Another limitation was that no AEs for surgery and post-surgical states were considered in the model as the utilities and costs of the AEs are an expected trade-off between both treatment strategies.

The costs were calculated according to the MDV database, and cost items were estimated according to previous studies and guidelines [32, 34,35,36]. The ratio of patients, the daily dose and the frequency of doses were calculated by using the data set, and these were then multiplied by the unit price. One of the limitations of the MDV database is that it only includes patient data from large hospitals.
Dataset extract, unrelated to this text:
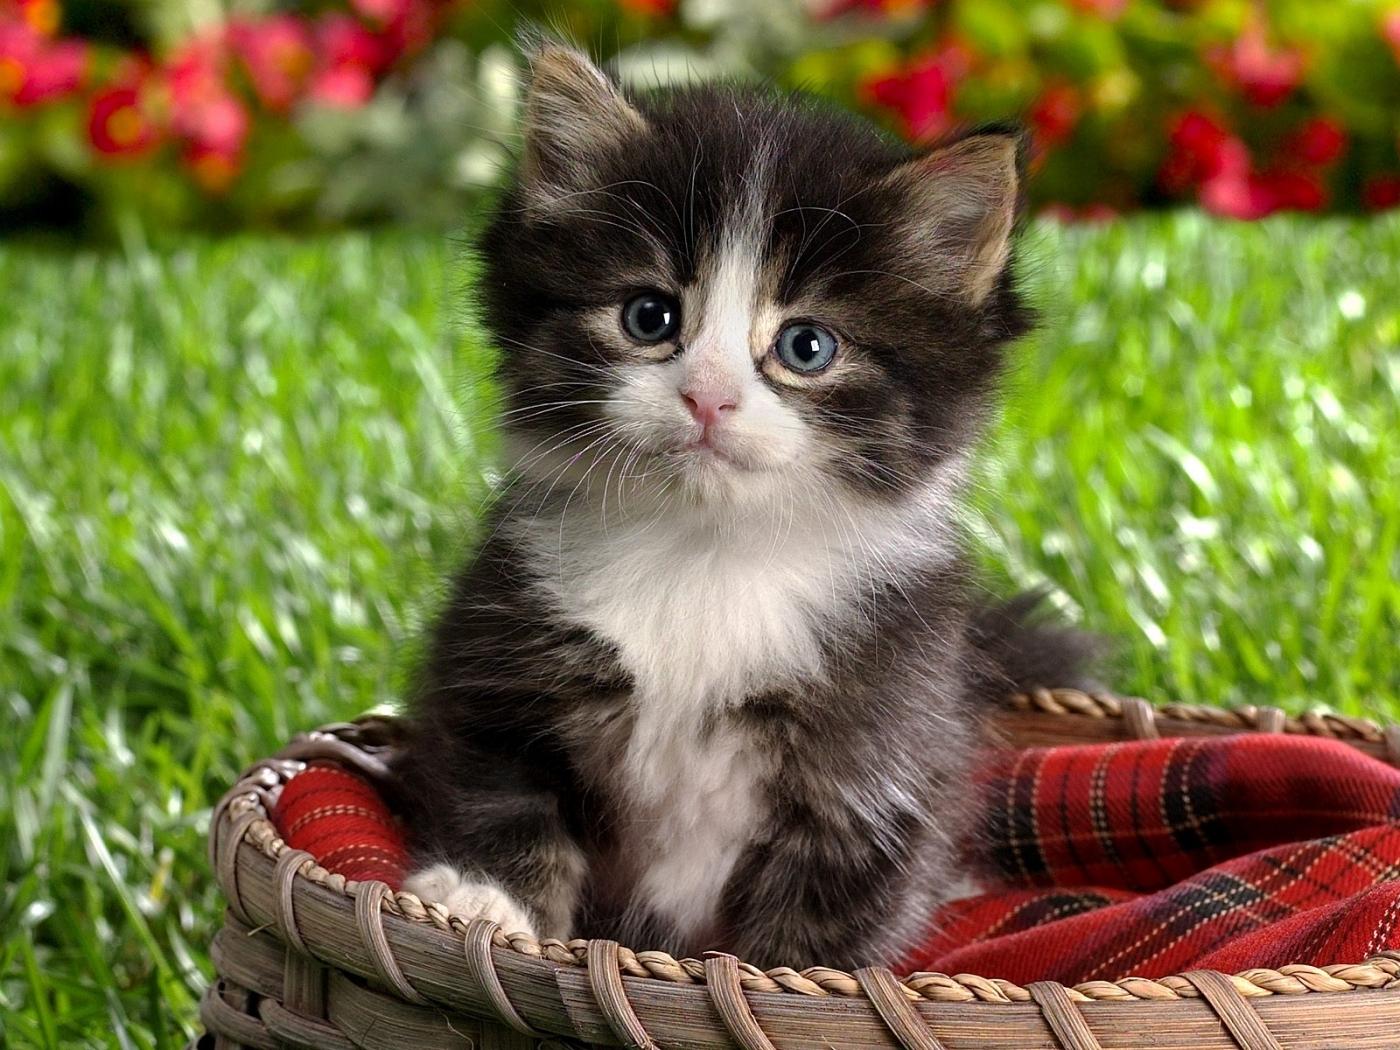 42650 Заставки и Обои Кошки (Коты, Котики) на телефон. Скачать Кошки (Коты, Котики), Животные картинки бесплатно
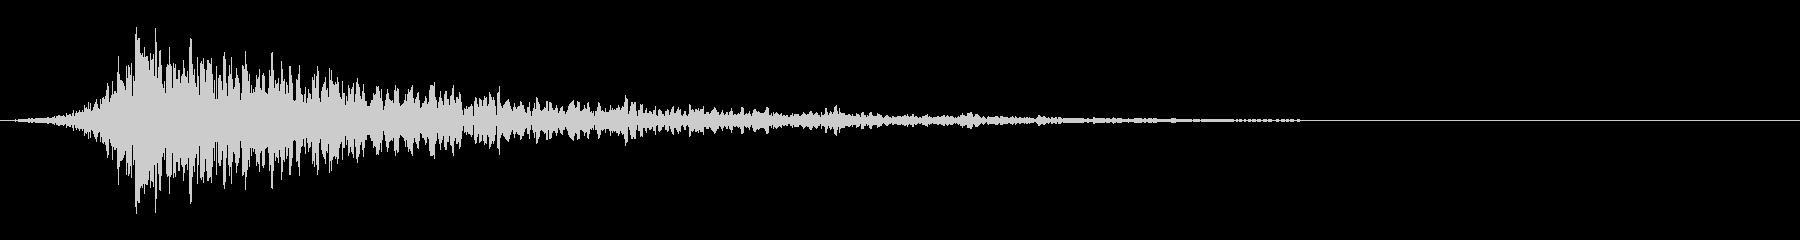 シュードーン-54-1(インパクト音)の未再生の波形

Finally, our model considered as the target population only patients who were eligible for surgery (TKA/THA), disregarding the fact that surgery depends on patients’ preferences and that many elderly patients are not well enough to be able to undergo such procedures.

This study is an unconventional attempt to report a cost-effectiveness analysis of the opioid treatment strategy versus the non-opioid treatment strategy in elderly and surgery-eligible patients with OA of the knee or hip in Japan. Despite these limitations, this health economic analysis evaluates the economic and clinical outcomes of the non-opioid treatment strategy versus the opioid treatment strategy in patients aged ≥65 years with OA of the knee or hip in Japan who were eligible for TKA or THA according to the national clinical treatment pattern [11, 21].

5 Conclusion

This study suggests that a non-opioid treatment strategy is cost effective compared with an opioid treatment strategy in the management of surgery-eligible patients with OA of the knee or hip. However, as the underlying methodology is heavily based on assumptions, the outcome of the analysis cannot be considered as accurate, which in turn may affect the final conclusion of the non-opioid treatment strategy being cost effective. The results are consistent with the Japanese treatment guidelines and recommendations in previous studies.